This exercise calls for the whole listing to be given again exactly, without images.

• _SOURCE MATERIAL_
--
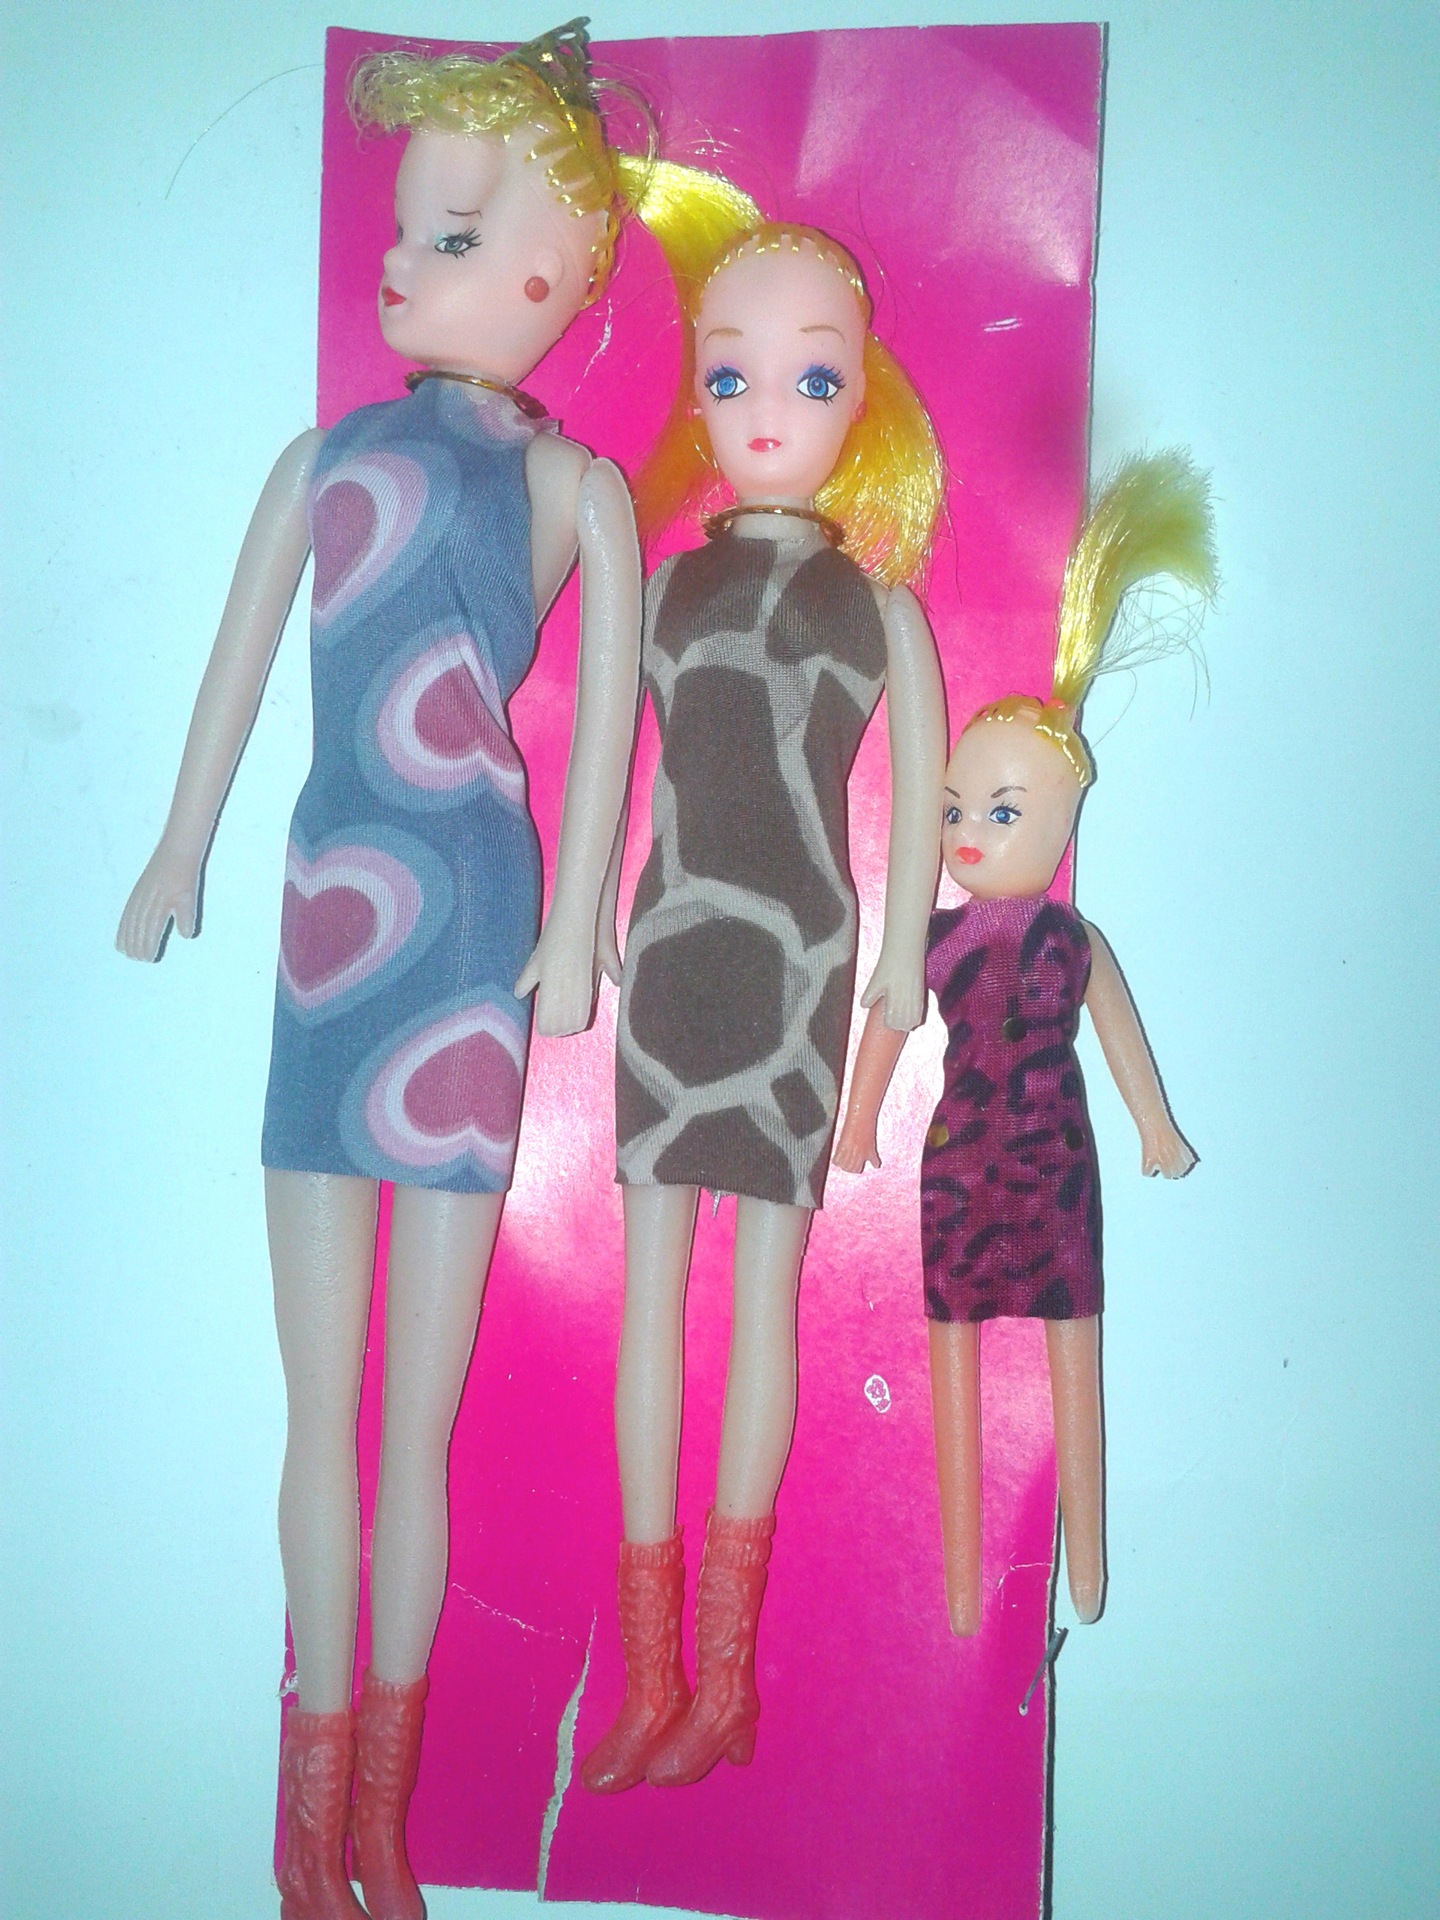 3个芭比娃娃 儿童玩具 2元店专批 2元店货源 益智玩具 厂家直销
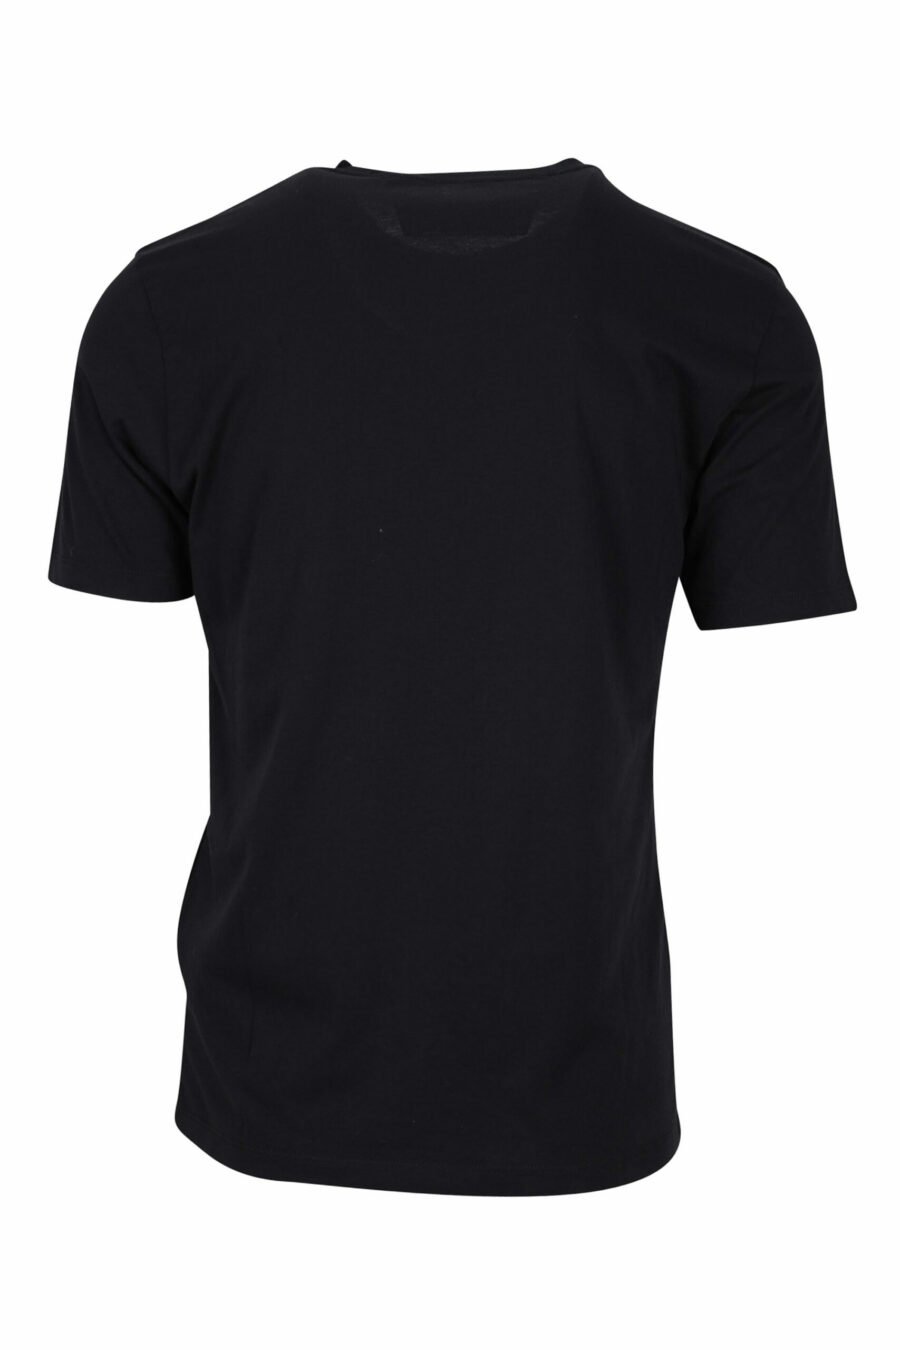 T-shirt noir avec maxilogo graphique - 7620943572964 1 à l'échelle
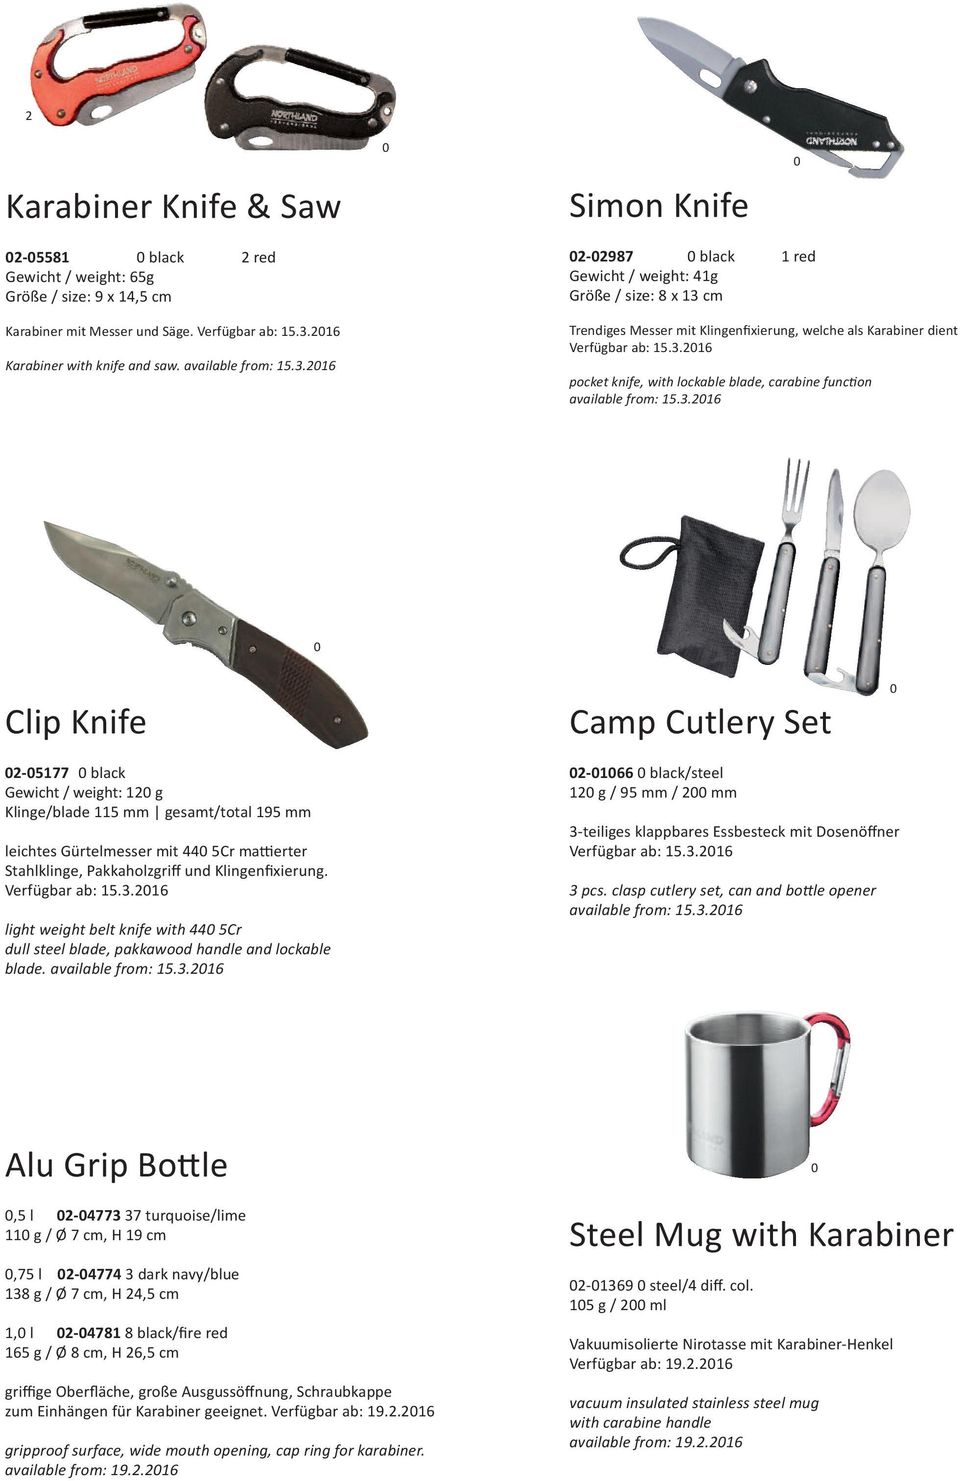 3.26 Clip Knife Camp Cutlery Set 2-577 black Gewicht / weight: 2 g Klinge/blade 5 mm gesamt/total 95 mm leichtes Gürtelmesser mit 44 5Cr mattierter Stahlklinge, Pakkaholzgriff und Klingenfixierung.
--
• _EXPECTED OUTPUT_
 3个芭比娃娃 儿童玩具 2元店专批 2元店货源 益智玩具 厂家直销
 T-shirt noir avec maxilogo graphique - 7620943572964 1 à l'échelle
 3.26 Clip Knife Camp Cutlery Set 2-577 black Gewicht / weight: 2 g Klinge/blade 5 mm gesamt/total 95 mm leichtes Gürtelmesser mit 44 5Cr mattierter Stahlklinge, Pakkaholzgriff und Klingenfixierung.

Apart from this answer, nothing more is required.